À Hvanngil, un premier camping apparaît. Il est encore tôt, alors je décide de poursuivre jusqu’à Álftavatn, un lac splendide qui sert de point d’étape. Les tentes s’installent, chacun prépare sa popote, certains se risquent à un plongeon dans le lac glacé, tandis que d’autres préfèrent se réfugier sous leur tente pour se réchauffer.

Une étape paisible, mais où la grandeur du paysage ne laisse aucun doute : l’Islande est toujours aussi spectaculaire.

Jour 5 – D’Álftavatn à Hrafntinnusker

Après une montée relativement douce, je me retrouve au coeur de formations géothermiques impressionnantes : des fumerolles s’échappent de la terre, des sols bouillonnants frémissent sous mes pieds, et les chemins sont recouverts de soufre. Un vrai spectacle naturel, où les teintes chaudes tranchent magnifiquement avec le paysage volcanique environnant. Pas de doute, je suis bien en Islande.

L’arrivée à Hrafntinnusker est saisissante : volcan et sources géothermiques se mêlent pour créer un décor presque surréaliste. Le refuge, niché dans cet environnement unique, est le lieu idéal pour se poser et observer ces merveilles naturelles. Le sol est jonché d’obsidiennes, ces pierres noires et brillantes réputées pour leur pouvoir protecteur.

Et croyez-moi, j’aurais bien eu besoin de cette protection cette nuit-là : le thermomètre a chuté jusqu’à -5°C. Mal équipée pour ce froid intense, je n’ai presque pas dormi et décide de plier ma tente dès 4 heures du matin pour repartir marcher — l’avantage du soleil de minuit ! Une nuit difficile, mais qui rend le trek encore plus inoubliable.

Jour 6 – De Hrafntinnusker à Landmannalaugar

C’est donc à l’aube que je débute la dernière étape de cette incroyable aventure. Après une ultime et courte montée, le sentier plonge doucement vers Landmannalaugar.
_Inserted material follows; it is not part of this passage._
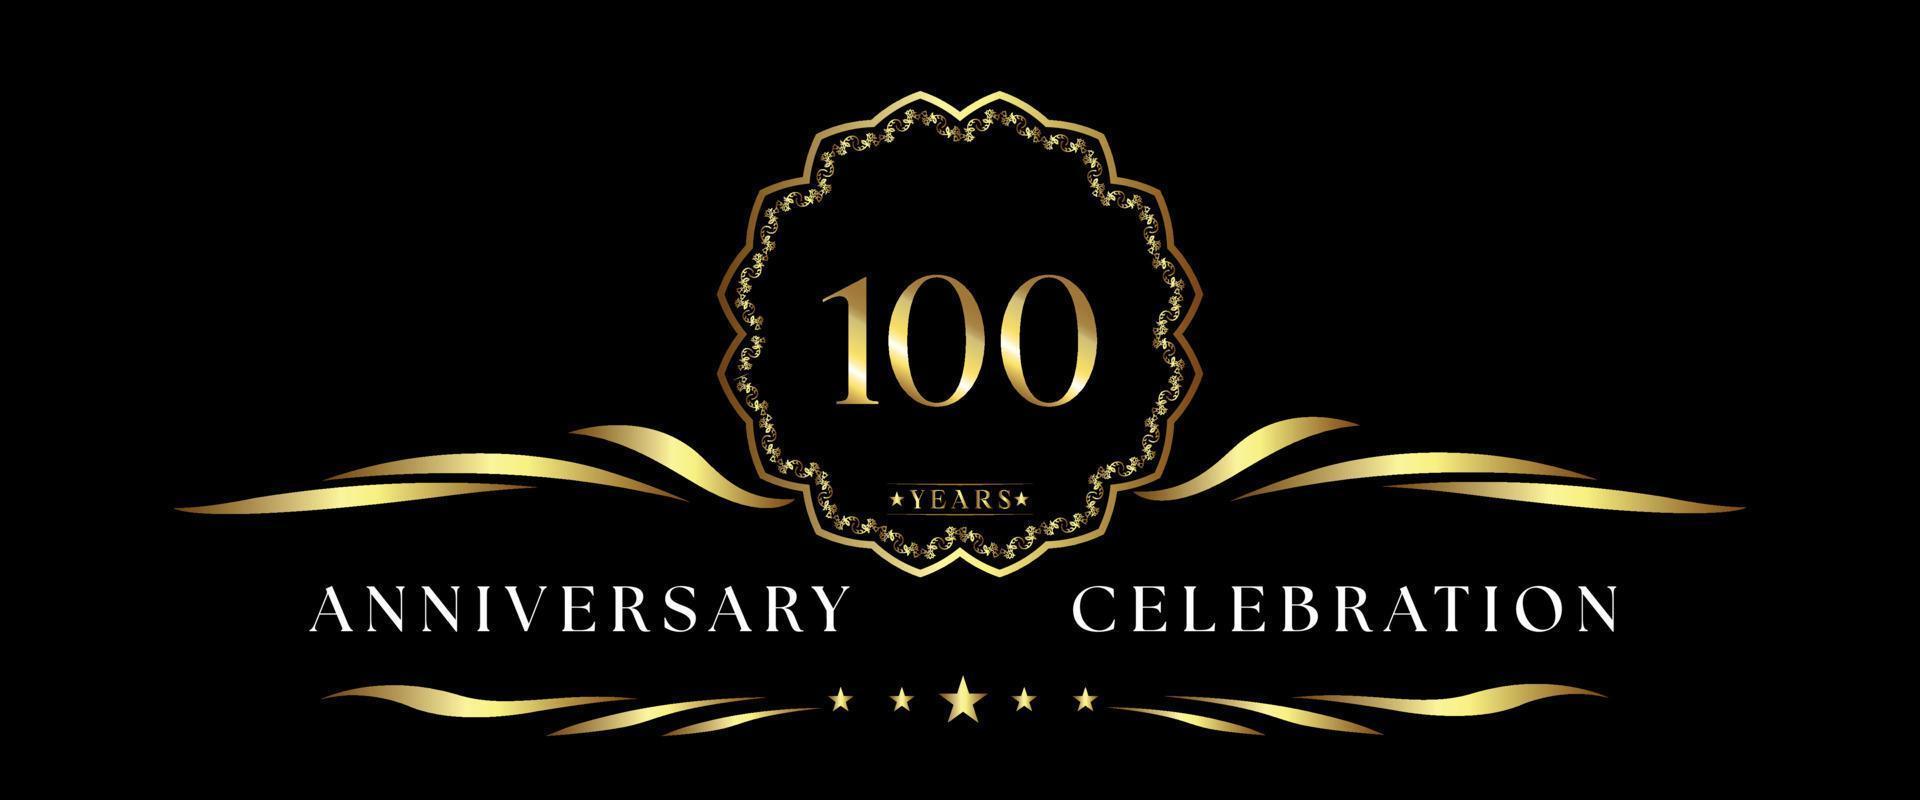 Celebrazione dell'anniversario di 100 anni con cornice decorativa dorata isolata su sfondo nero. disegno vettoriale per biglietto di auguri, festa di compleanno, matrimonio, festa evento, cerimonia. Logo dell'anniversario di 100 anni.

Le terrain devient plus facile, mais le paysage reste à couper le souffle.

Tout au long du chemin, je traverse des vallées colorées, des rivières et même quelques sources chaudes. L’environnement volcanique m’imprègne totalement et chaque pas laisse une empreinte dans ma mémoire. En approchant de Landmannalaugar, les montagnes aux teintes multicolores viennent clore ce trek de la plus belle des façons.
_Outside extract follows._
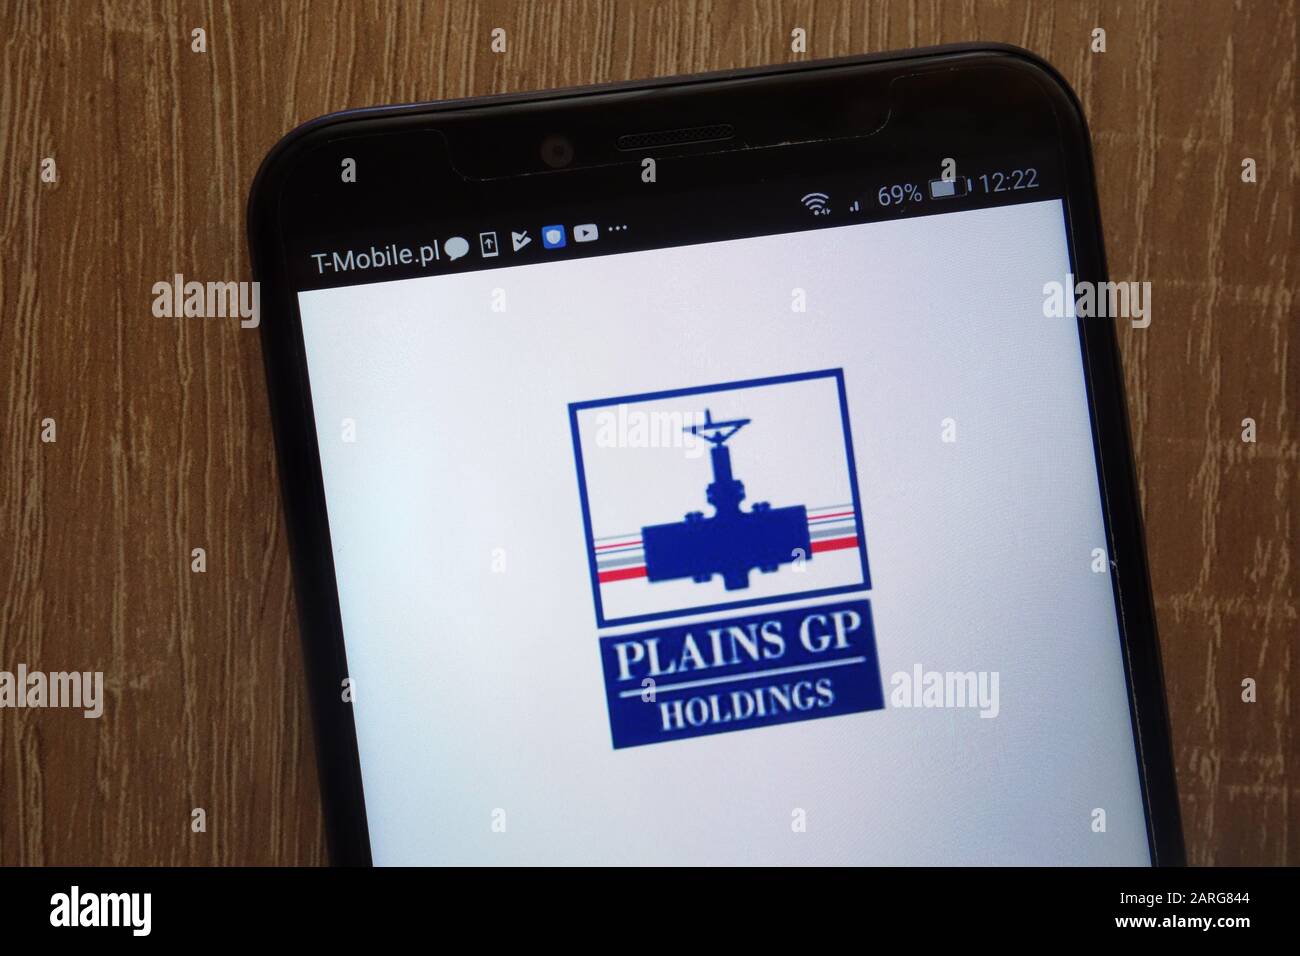 El logotipo de Plains GP Holdings se muestra en un smartphone moderno Foto de stock

La descente finale est spectaculaire : lacs scintillants, champs de lave et paysages lunaires se succèdent avant d’arriver au refuge. Là, la récompense est à la hauteur de l’effort : un abri chaleureux, des sources d’eau chaude naturelles et des montagnes aux couleurs éclatantes.

Un lieu magique pour terminer ce trek épique, avec la satisfaction profonde d’avoir parcouru l’un des plus beaux sentiers d’Islande.

Bilan

Le trek de Skógar à Landmannalaugar a été à la hauteur de mes rêves : grandiose, intense et absolument inoubliable. Il m’a offert des paysages incroyables, mais surtout une immense fierté d’avoir relevé ce défi sportif.

Ce premier trek m’a donné envie de repartir, de découvrir d’autres horizons à pied. Depuis, j’ai réalisé la Grande Traversée du Vercors — qui a donné naissance à mon livre Cabanes libres du Vercors — ainsi que la West Highland Way en Écosse, l’automne dernier.

Pour moi, marcher est le meilleur moyen de découvrir un pays : on s’imprègne de chaque paysage, on se perd, on prend le temps, on rencontre des gens et on vit de vraies émotions.